§ DATA SHOWN:
----
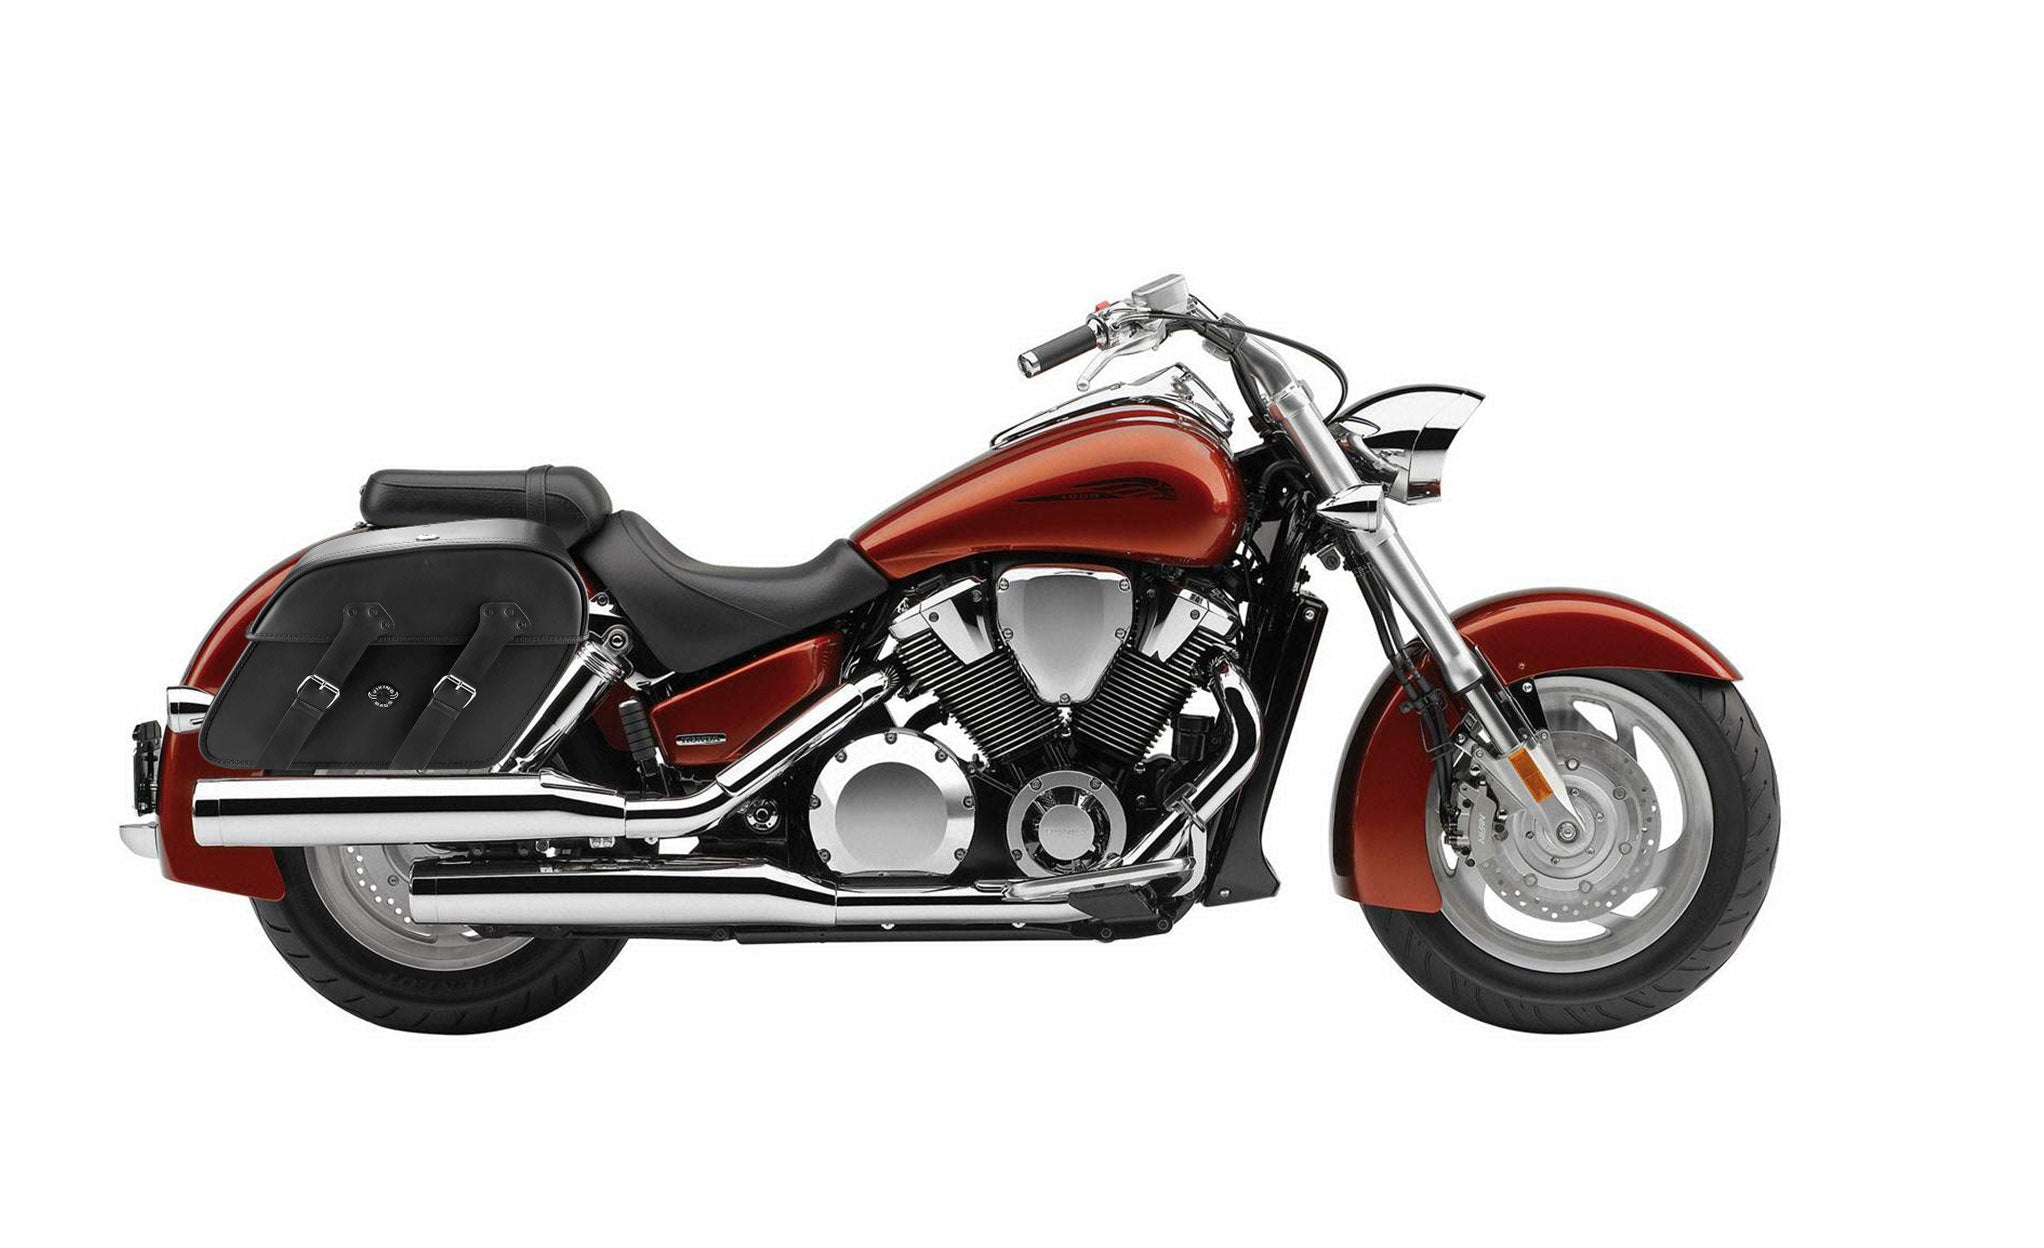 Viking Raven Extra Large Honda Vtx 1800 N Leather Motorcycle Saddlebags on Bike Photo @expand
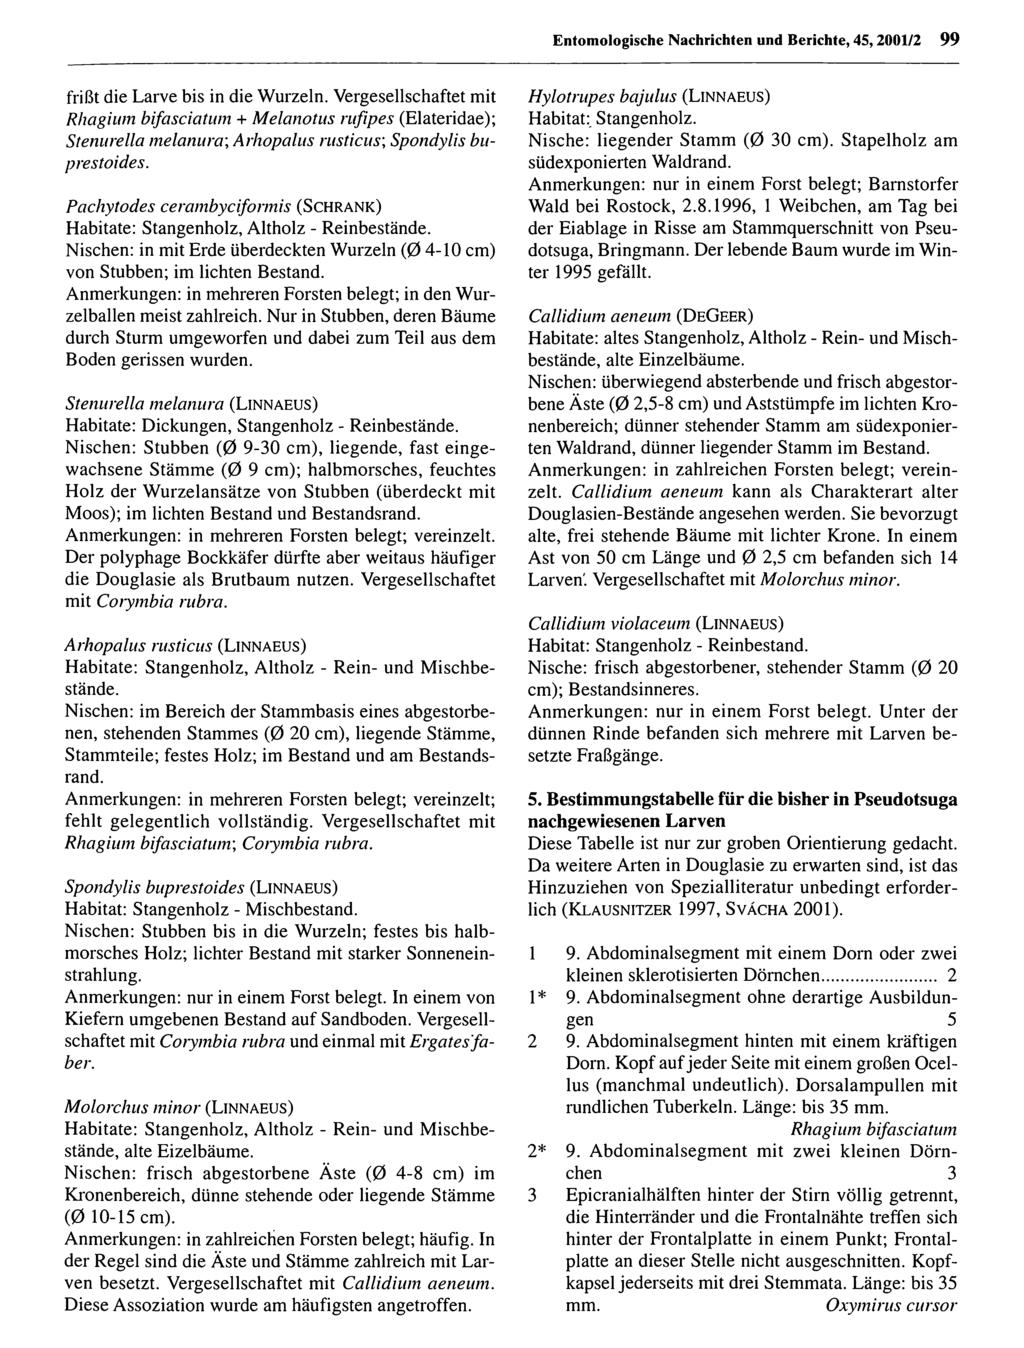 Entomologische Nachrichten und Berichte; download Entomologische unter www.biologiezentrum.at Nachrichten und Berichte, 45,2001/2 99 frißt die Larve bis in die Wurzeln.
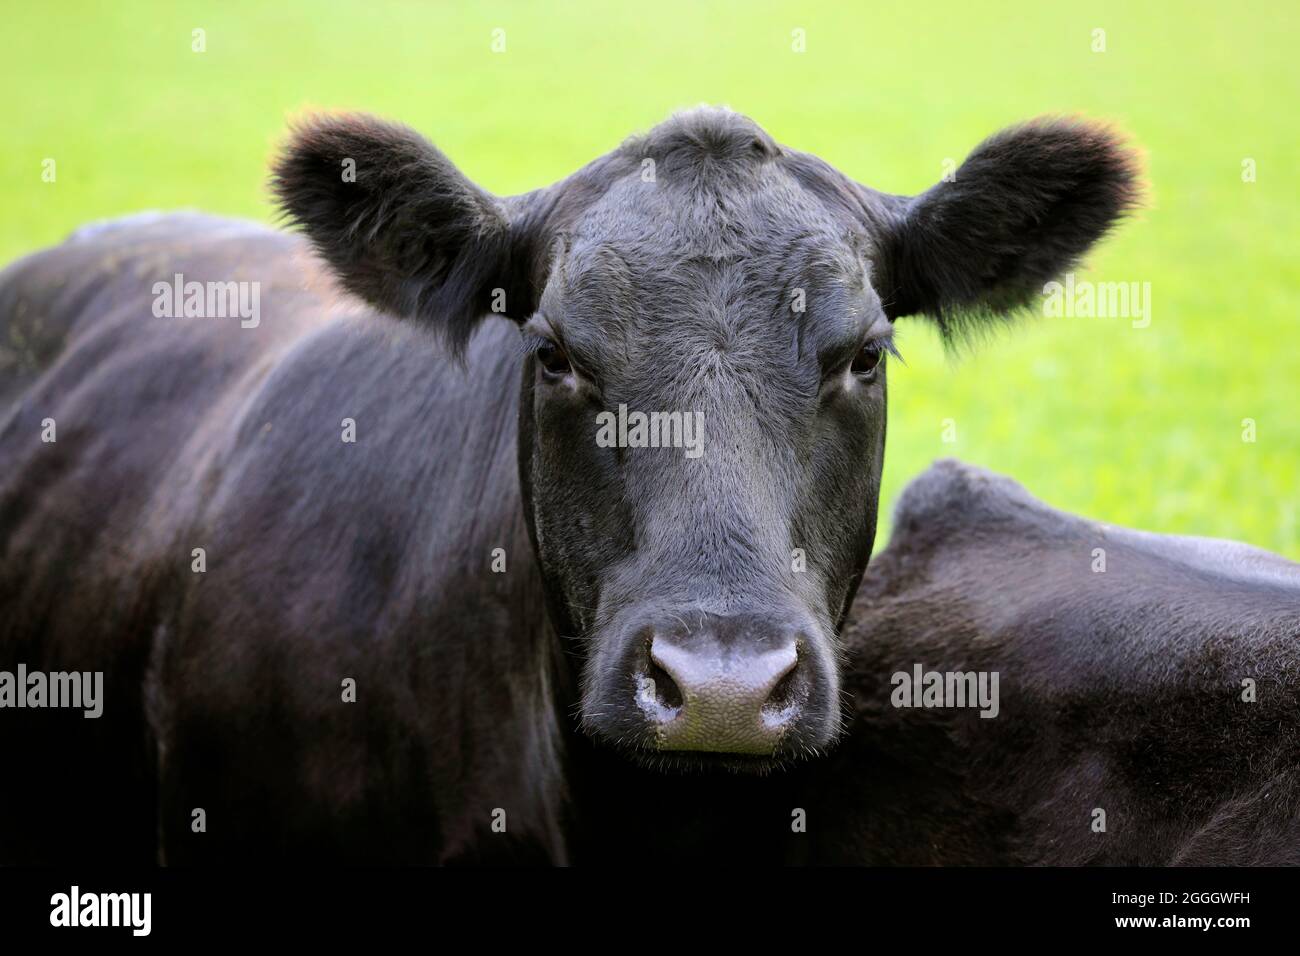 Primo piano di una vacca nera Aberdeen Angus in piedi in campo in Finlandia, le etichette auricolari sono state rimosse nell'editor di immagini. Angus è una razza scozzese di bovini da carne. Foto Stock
----
Give the preceding data back exactly, minus every picture.

 Viking Raven Extra Large Honda Vtx 1800 N Leather Motorcycle Saddlebags on Bike Photo @expand
 Entomologische Nachrichten und Berichte; download Entomologische unter www.biologiezentrum.at Nachrichten und Berichte, 45,2001/2 99 frißt die Larve bis in die Wurzeln.
 Primo piano di una vacca nera Aberdeen Angus in piedi in campo in Finlandia, le etichette auricolari sono state rimosse nell'editor di immagini. Angus è una razza scozzese di bovini da carne. Foto Stock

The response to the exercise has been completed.